Brooker's merocyanine partitioned between water and octanol
- Brookers merocyanine partitioned between water and octanol
- Solvatochromic effects
As shown in the structural formula, MOED can exist in two resonance forms: A neutral molecule and a zwitterion. Research indicates that the zwitterion form is most representative when the compound exists in polar solvents such as water, and the neutral form when it exists in nonpolar solvents such as chloroform.

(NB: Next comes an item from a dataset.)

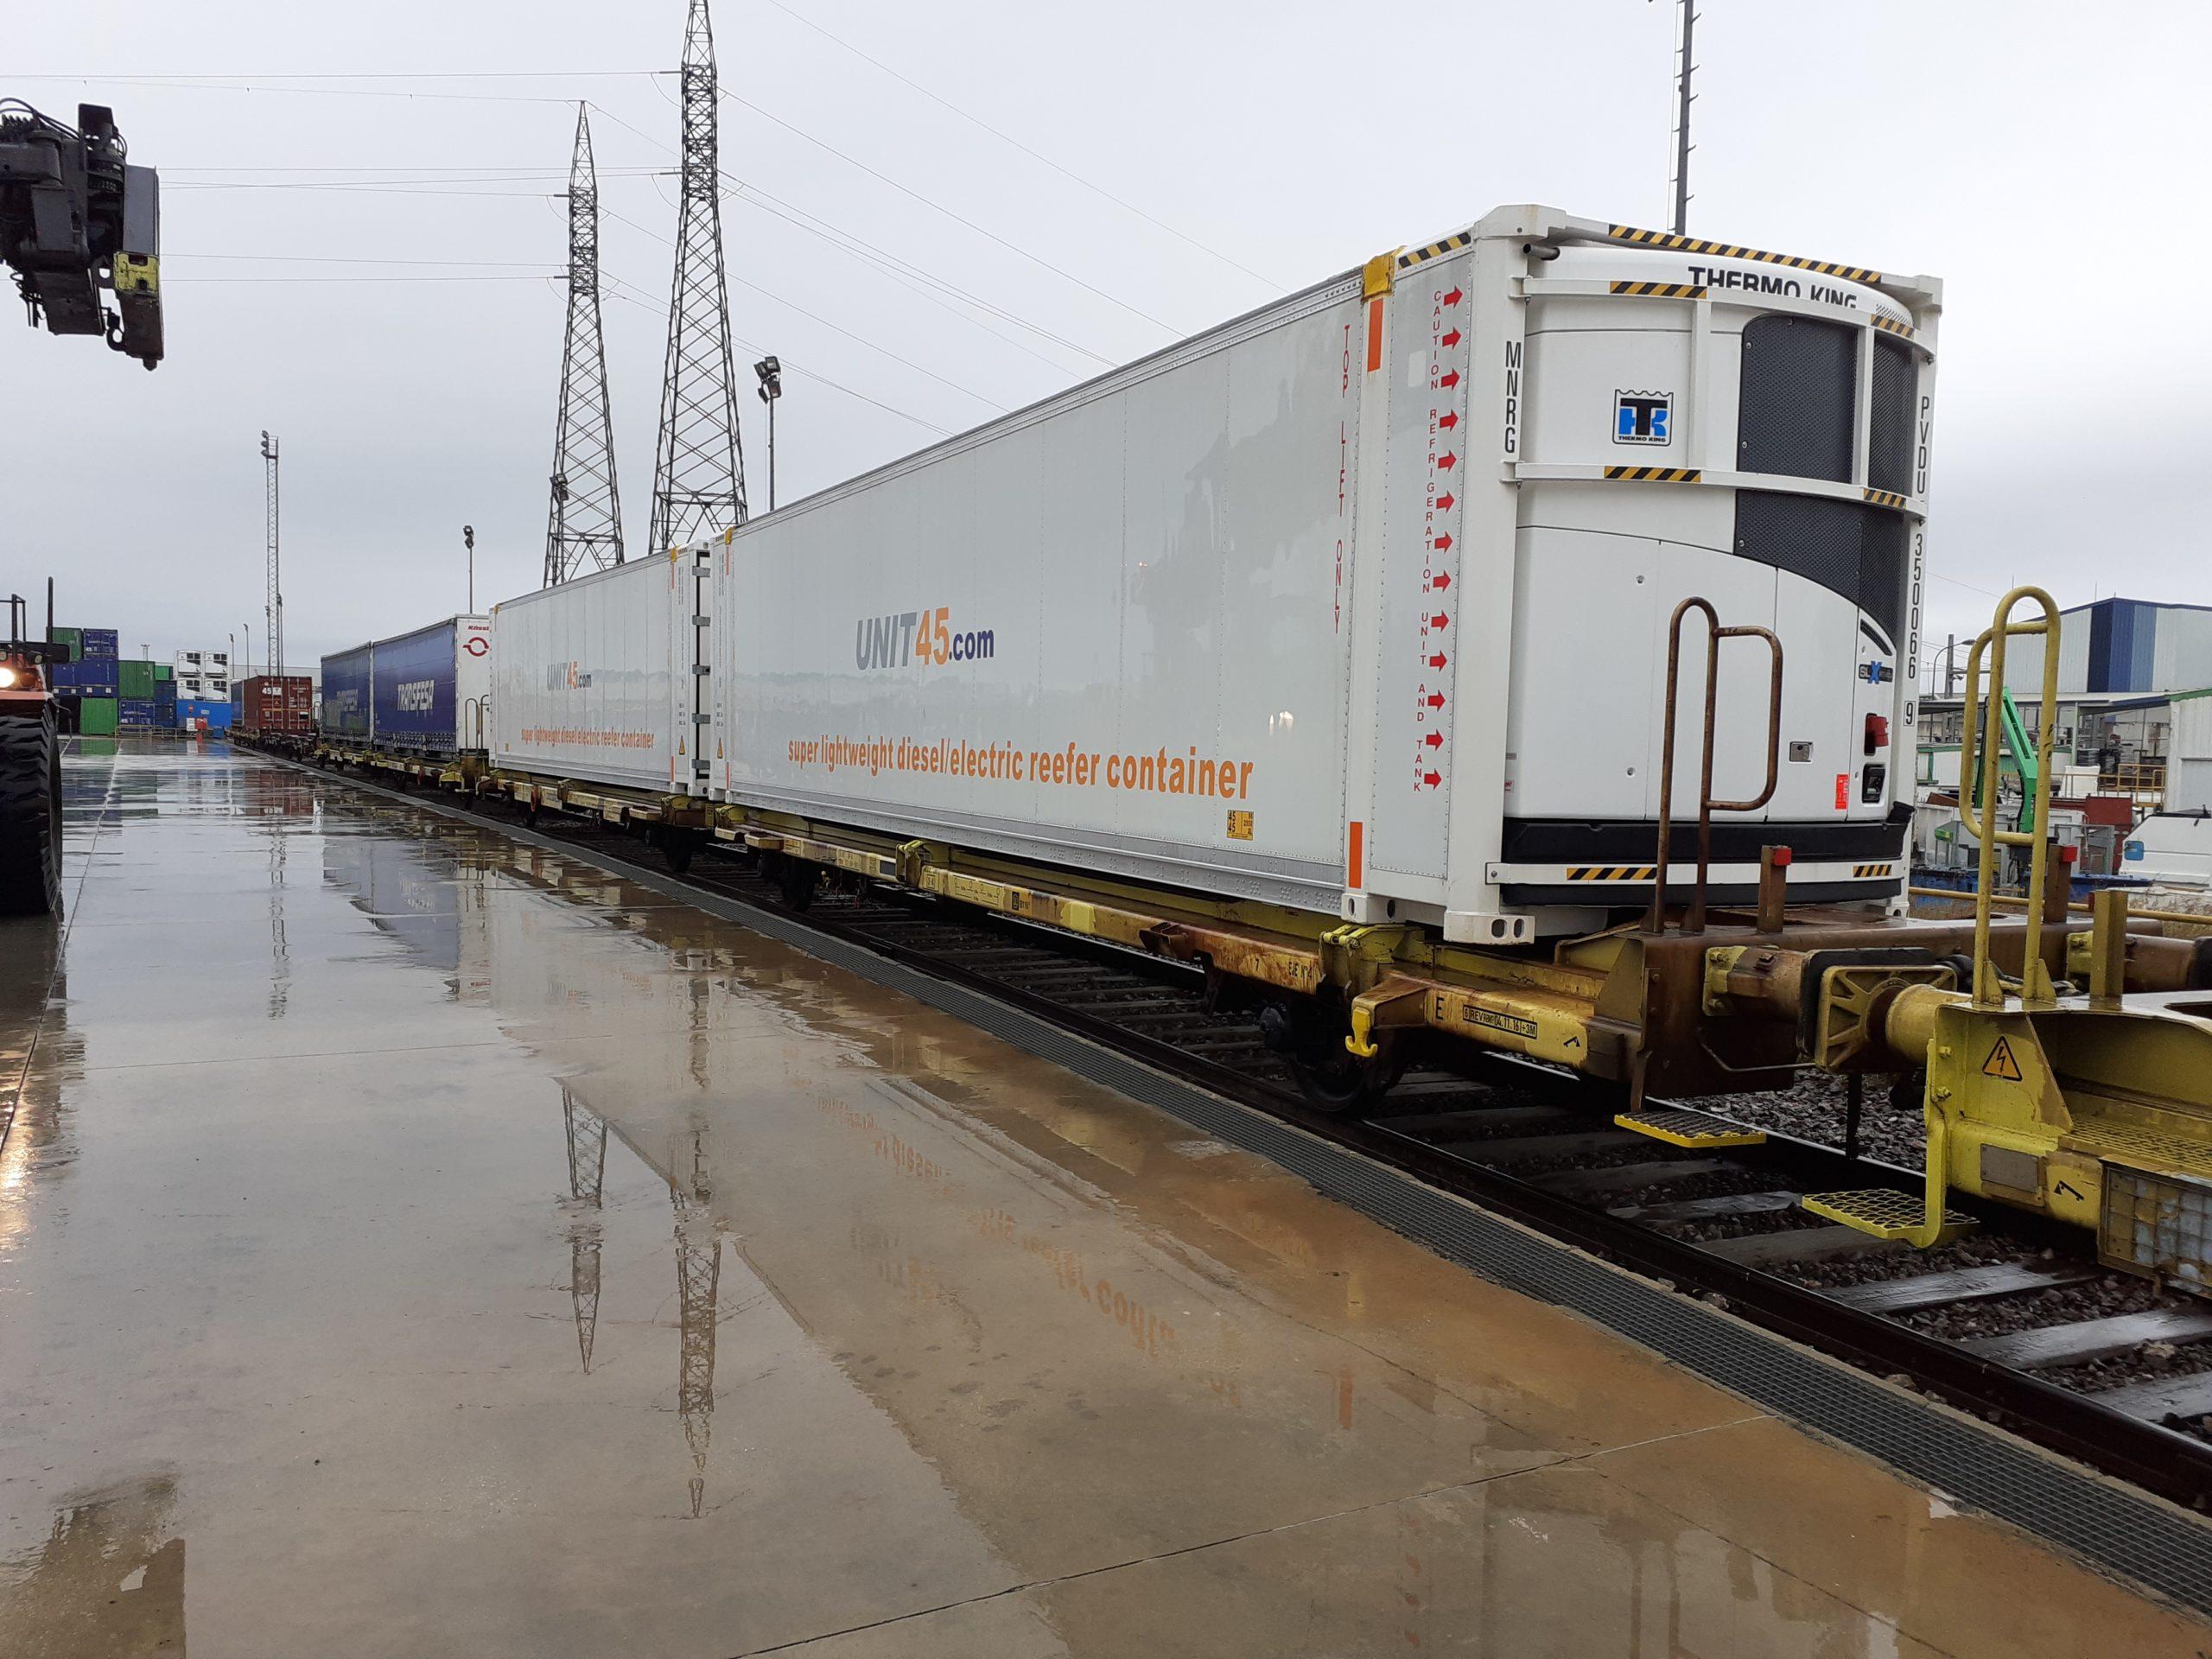 Transfesa Logistics refrigerated car

When MOED is dissolved in various liquids, its colour will vary, depending on the solvent and its polarity. In general, the more polar the solvent, the shorter the wavelengths of the light absorbed will be. When light of a certain colour (wavelength) is absorbed, the solution will appear in the complementary colour of the one absorbed. Therefore, in water, a highly polar solvent, MOED appears yellow (corresponding to absorbed blue light of wavelengths 435-480 nm), but is purple or blue (corresponding to absorbed green to yellow light of wavelengths 560-595 nm) in acetone, a less polar solvent. The effect stems in part from the stabilization of the ground state of the merocyanine molecule in polar solvents, which increases the energy gap between the ground state and excited states, which corresponds to shorter wavelengths (increased energy) of the absorbed light.
Because of its solvatochromic properties MOED, and solvatochromic dyes in general, are useful as solvent polarity indicators, and for creating solutions that absorb light at a specific frequency. Additional potential areas of use include pH sensors and transition metal cation indicators. Research into merocyanine dyes is ongoing.
Brooker's merocyanine can be prepared beginning with the methylation of 4-methylpyridine to produce 1,4-dimethylpyridinium iodide. Base catalyzed reaction with 4-hydroxybenzaldehyde and subsequent intramolecular dehydration provides Brooker's merocyanine.